Dental panoramic X-ray images contain complete information about the teeth and jaws, from which complete and precise segmentation of tooth morphology information is an important prerequisite for intelligently assisted treatment. The segmentation method based on deep learning currently dominates the field and undergoes extensive research and enhancement. Since the pioneering work of U-Net created a buzz in the field of image segmentation, more accurate and efficient U-Net-based image segmentation methods have been explored from multilayer perceptual machines (MLPs), convolutional neural networks, and attention mechanisms, followed by the emergence of excellent schemes such as UNet++, Attention U-Net, GT U-Net, and UNeXt. Existing methods face the following challenges when segmenting dental panoramic X-ray images: firstly, the characteristics of dental panoramic X-ray images themselves, such as the boundary contours of the teeth are difficult to distinguish obviously, and the pixel values of the teeth are close to the surrounding area, resulting in a lower overall contrast; secondly, the network structure of these algorithms has insufficient ability to extract the target objects of small and large sizes, and the receptive field information in the network model is partially lost during feature propagation, resulting in the edges of the tooth segmentation having a more obvious jagged appearance.
Based on the above analysis, to better adapt and learn dental panoramic X-ray image data, this article proposes a dental panoramic X-ray image segmentation method based on multi-feature coordinate position learning.

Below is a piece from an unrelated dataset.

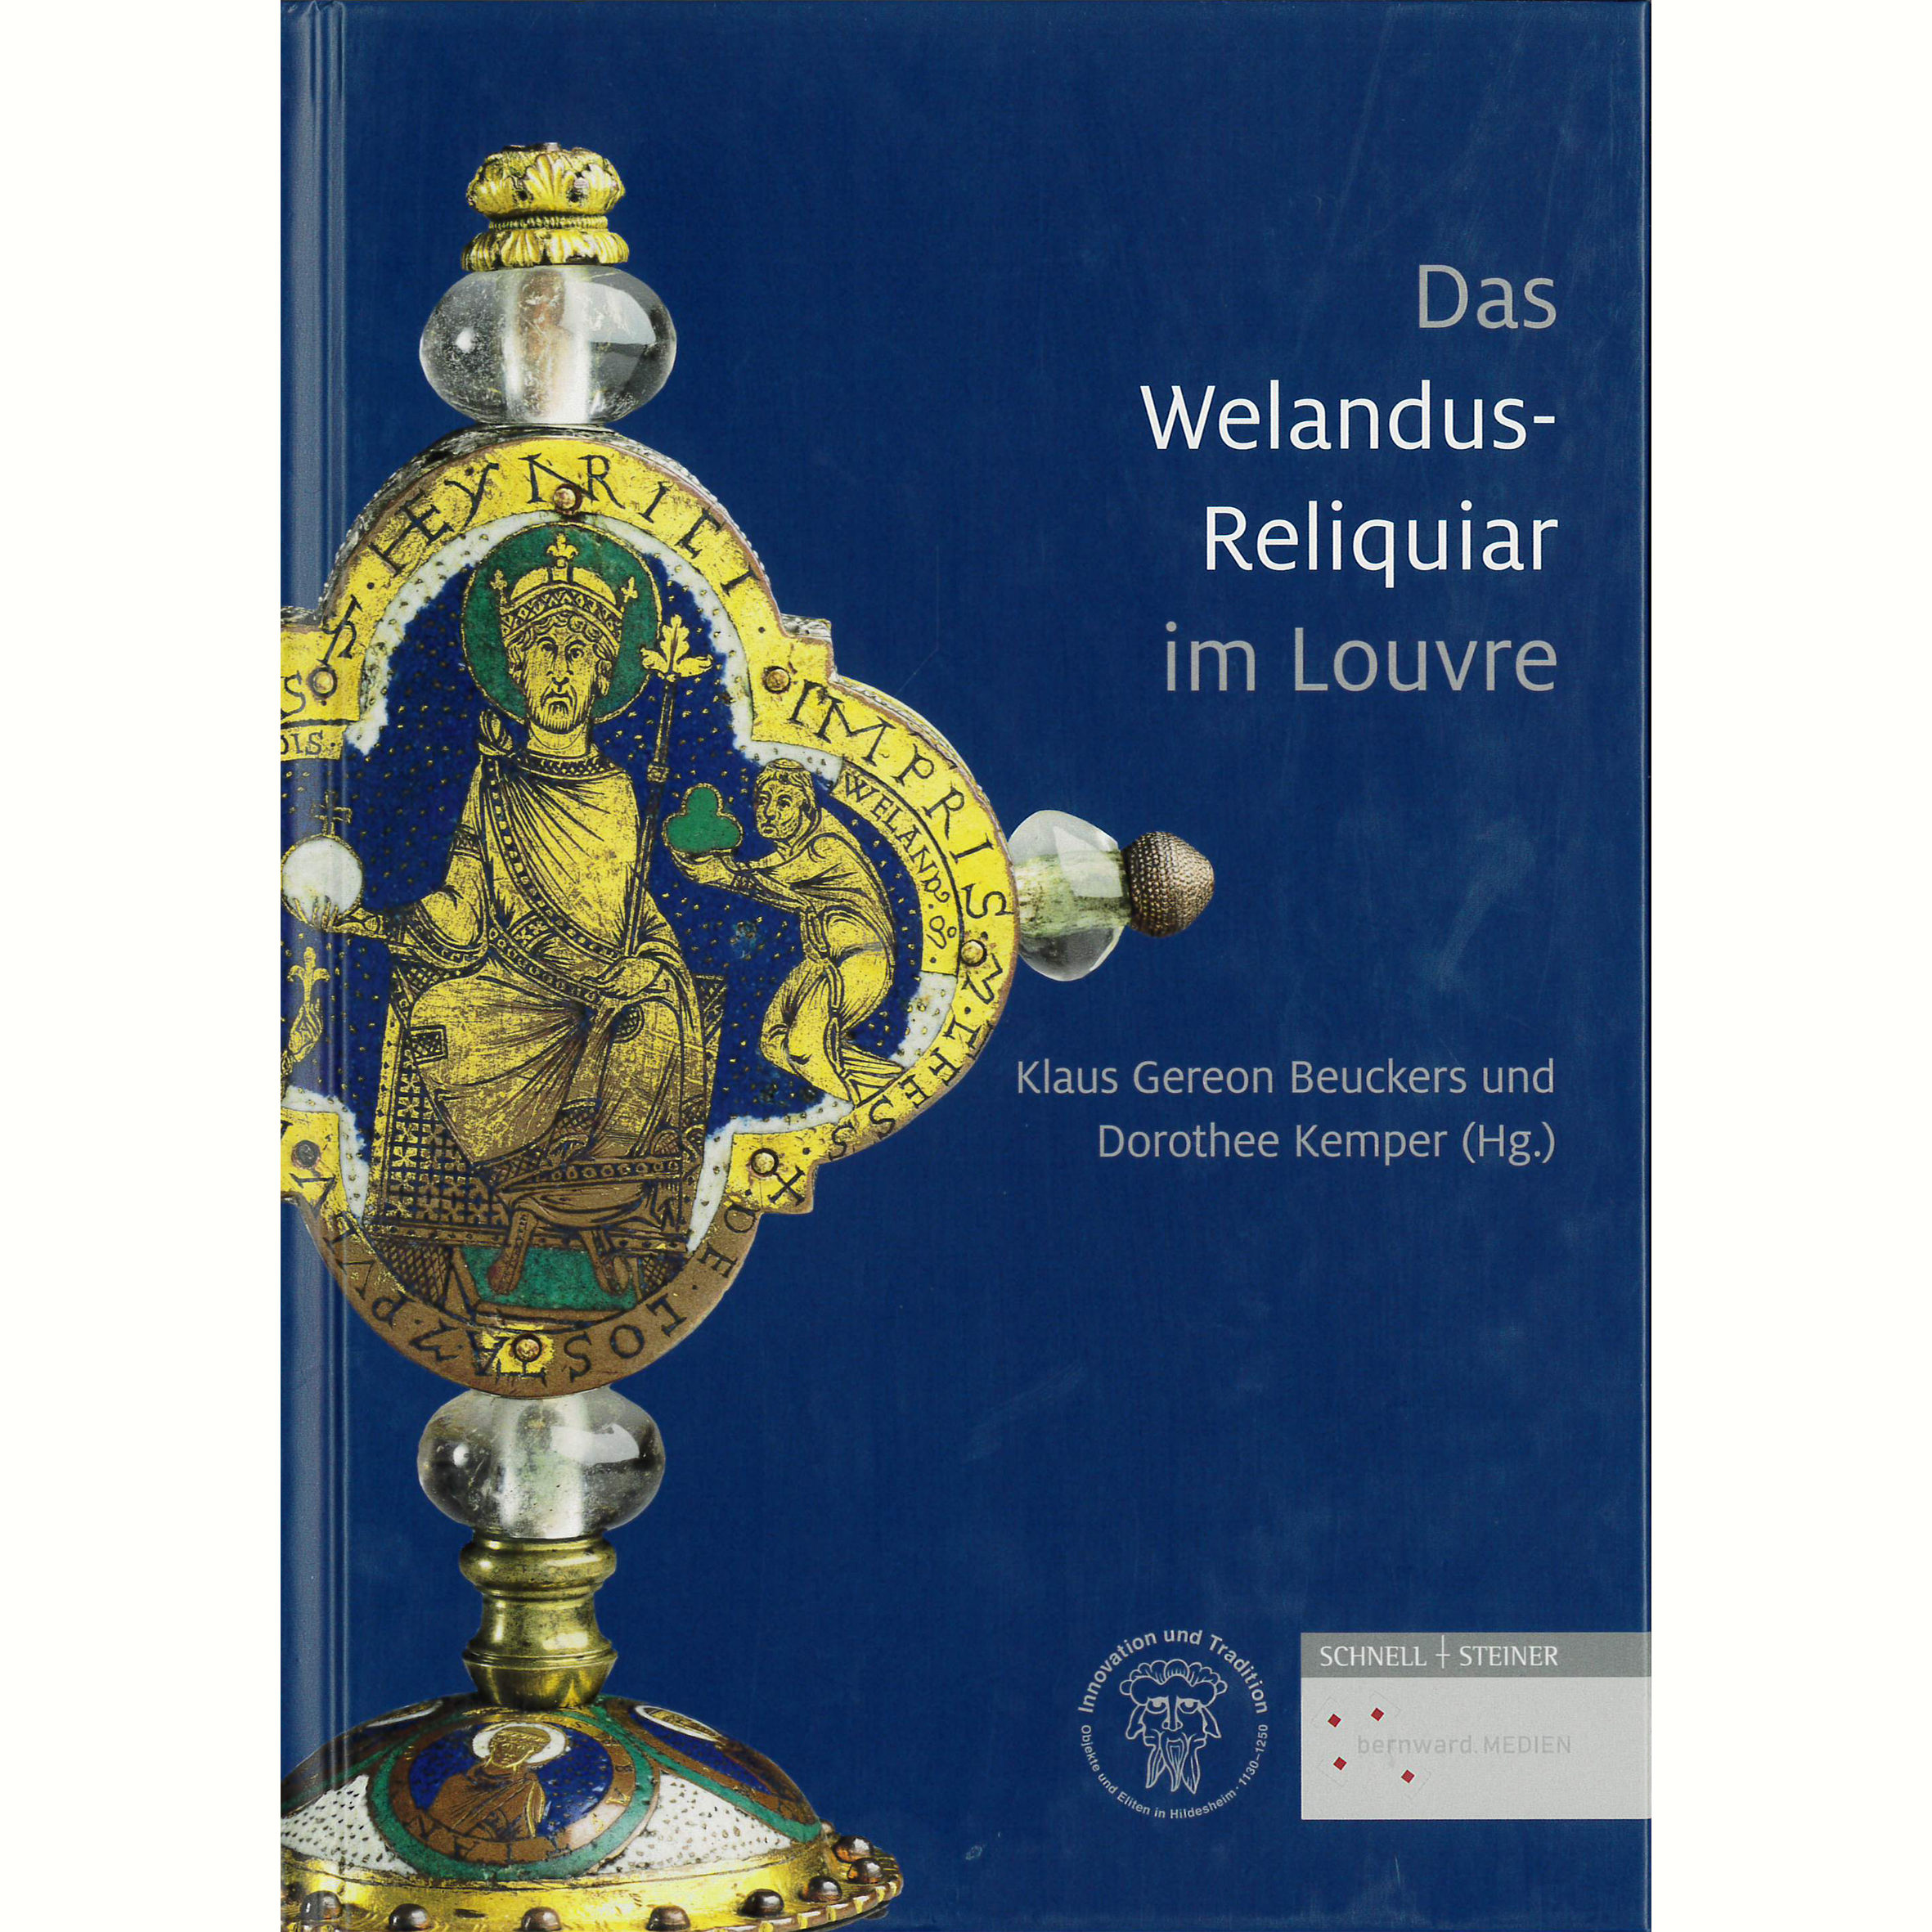 Das Welandus-Reliquiar

To ensure that the algorithm can extract detail features and regional features, we design a residual omni-dimensional convolution module, which constructs the main feature extraction branch and the auxiliary feature complementary branch, and effectively learns both large-size regional feature information and small-size detailed feature information. In addition, to alleviate the differences between the feature encoding network and the feature decoding network and at the same time to obtain more accurate tooth region location and tooth contour information, we designed a two-stream coordinate attention module, and this module adds a new maximum pooling processing stream based on the average pooling processing stream, which accurately locates the location of the tooth target region, and at the same time, learns the positional feature information of the tooth edge contour very well.
Literature review
In recent years, tooth segmentation tasks on panoramic X-ray images have attracted increasing attention, and tooth segmentation tasks can be used to solve difficult dental problems. Teeth segmentation methods can be broadly categorized into two research lines: traditional methods based on original image features and deep learning-based methods driven by deep image features.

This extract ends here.